Question

In sheep, coat color is influenced by two genes. Gene A influences pigment production, while gene B produces black or brown pigment. If two heterozygous white sheep resulted in 12 white sheep, 3 black sheep, and 1 brown sheep, which genotype(s) of the white sheep explain this data? a) The white sheep could be A_B_ or aaB_. b) The white sheep could be A_B_ or aabb. c) The white sheep could be A_B_ or A_bb

Answer 1

c) The white sheep could be A_B_ or A_bb.

Step-by-step explanation:

This is a case of dominant epistasis which falls under the category of intergenic interaction (gene interaction) and produces phenotypes in 12:3:1 ratio rather than producing ideal 9:3:3:1 ratio of Mendelian inheritance for dihybrid crosses.

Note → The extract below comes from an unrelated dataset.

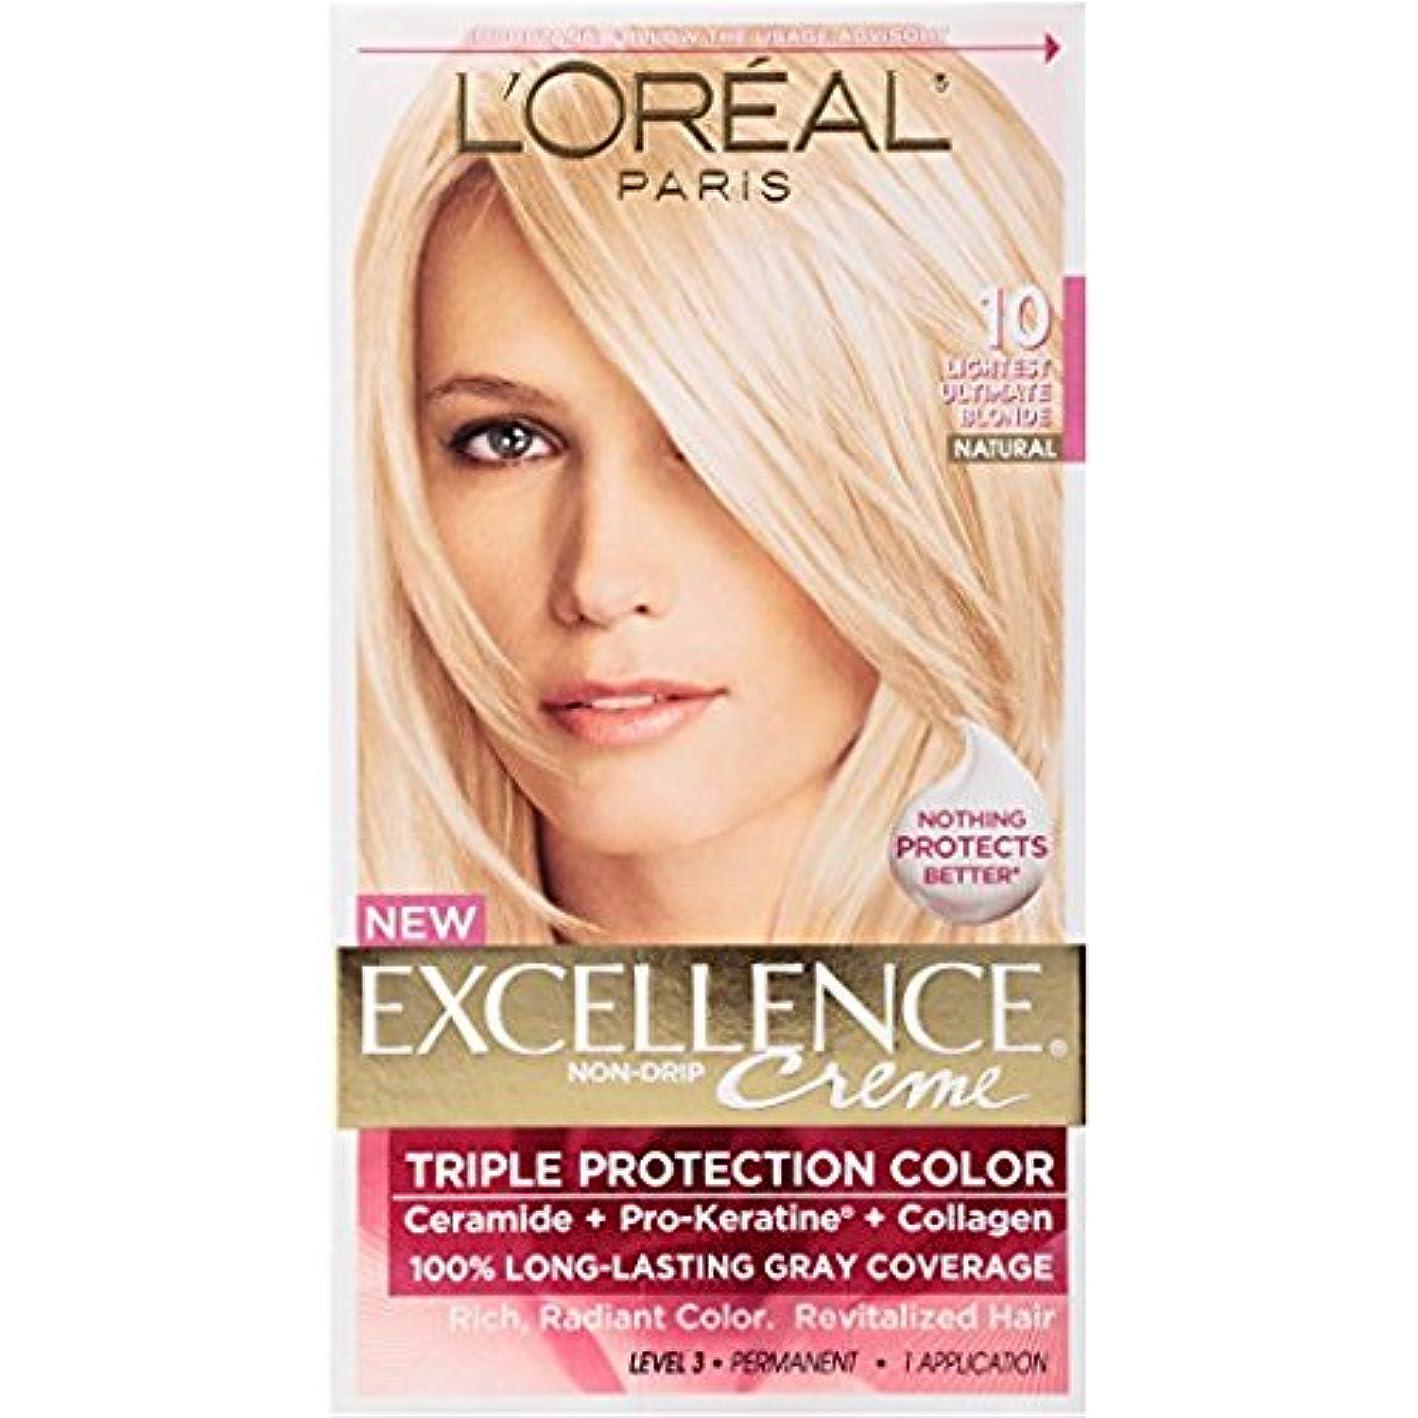 フェデレーション自己尊重ポークロレアル L'Oreal Paris Excellence Creme Pro - Keratine 10 Light Ultimate Blonde ブロンド ヘアダイ [並行輸入品]

The progeny produced after such dihybrid cross and their phenotypes will be as under:

AABB - 1 white

AABb - 2 white

AAbb - 1 white

AaBB - 2 white

AaBb - 4 white

Aabb - 2 white

aaBB - 1 black

aaBb - 2 black

aabb - 1 brown

In the example as shown above, gene A is masking the expression of gene B and influencing the coat color.

Whenever gene A is present in dominant and heterozygous form, the coat color is white but in the progeny where gene A is homozygous recessive the coat color is either black or brown depending upon whether gene B is present or not. When gene A is absent and gene B is present in dominant and heterozygous form, the coat color is black but when gene B is also absent then the coat color is brown.

So it is clear that the product of gene A will cause the product of gene B to be white always as a result of which the product of gene B will express only in the absence of gene A.